The lexical structure of a programming language is a basic set of rules used to describe how you write this language. As the basis of syntax, it specifies what variable names look like, how to write comments, and how to distinguish between statements. This section uses a very short space to introduce the lexical structure of javascript.
1. Character set
The javascript program is written in Unicode character sets, a superset of ASCII and Latin-1 and supports almost all languages in the region. ECMAscript3 requires that the implementation of javascript must support Unicode2, 1 and subsequent versions, while ECMAscript5 requires that the implementation of javascript must support Unicode3 and subsequent versions.
i. case sensitive
JavaScript is a case-sensitive language, that is, keywords, variables, function names and all expression characters must be consistently cased. For example, the keyword while must be written as while, and cannot be written as While or WHILE.
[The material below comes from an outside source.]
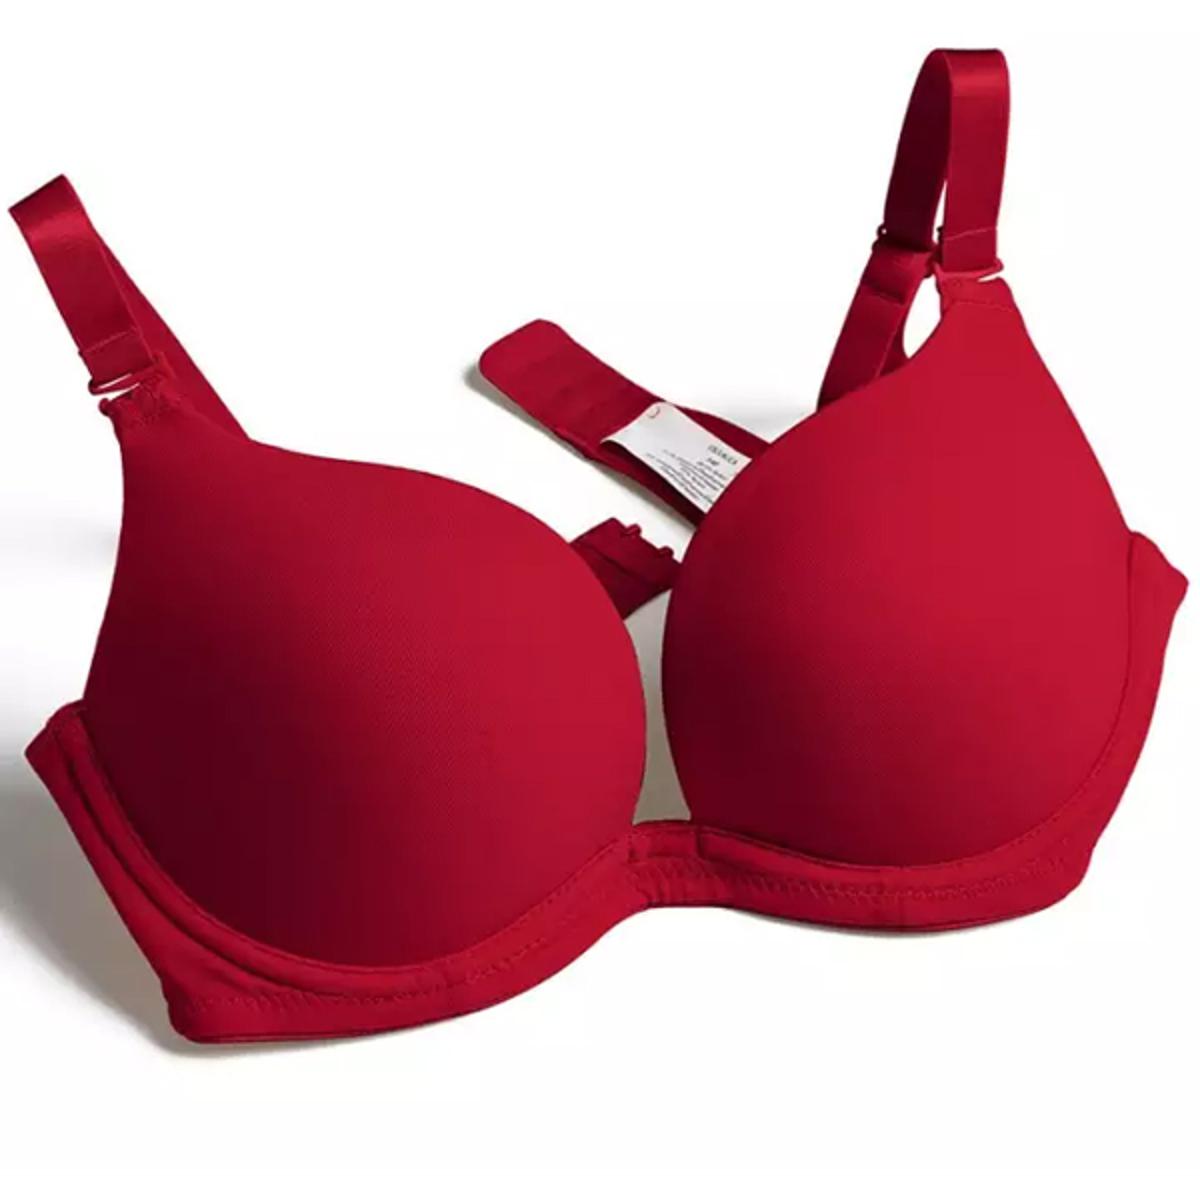 Bra for girl, Export Quality Foam Bra for girls or women, Body Fitting  Stylish And Comfortable Bra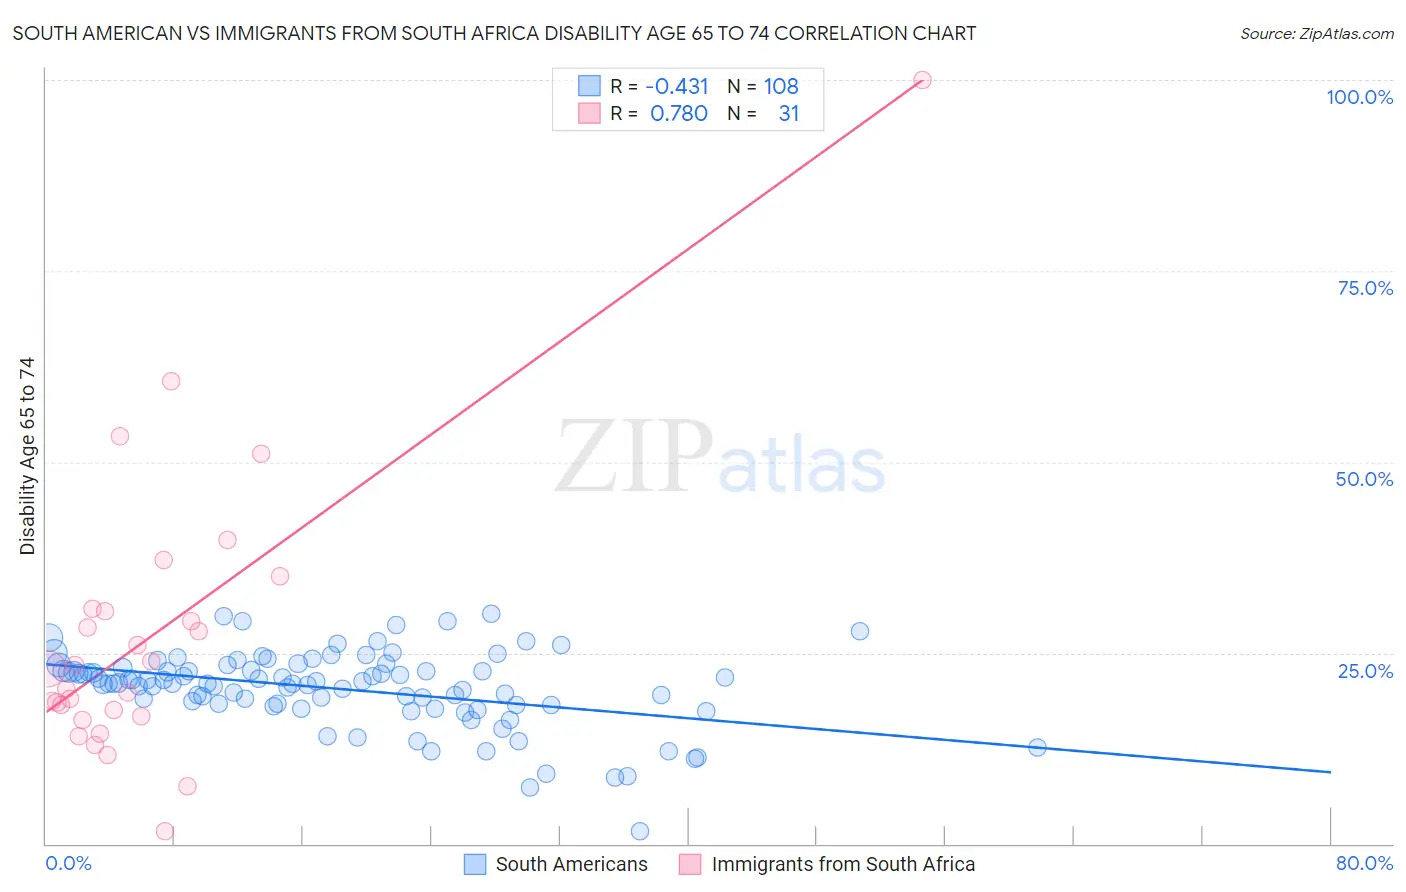 South American vs Immigrants from South Africa Disability Age 65 to 74

But it should be noted that html is not case sensitive (although xhtml is different), and it is easy to be confused because it is closely related to client javascript. For example, in the processing event set by html, the onclick attribute can be written as onClick, but in JavaScript, it can be written as onclick.
ii spaces, line breaks, and format controllers
JavaScript ignores the spaces between the tokens in the program. In most cases, JavaScript also ignores line breaks. Since spaces and line breaks can be used at will in the code, neat and consistent indentation can be used at one time to form a unified encoding style, improving the readability of the code.
javascript in addition to identifying space characters (/u0020). JavaScript also displays the following characters that indicate spaces: horizontal tab character (/u0009), vertical tab character (/u000B), page renewal character (/u000C), non-interrupted whitespace character (/u00A0), endian tag (/uFEFF), and characters in all Zs categories in Unicode. JavaScript recognizes the following characters as ending characters: line break (/u000A), carriage return symbol (/u000D), line separator (/u2028), and segment separator (/u2029). The carriage return character and line break character are parsed into a single line ending character.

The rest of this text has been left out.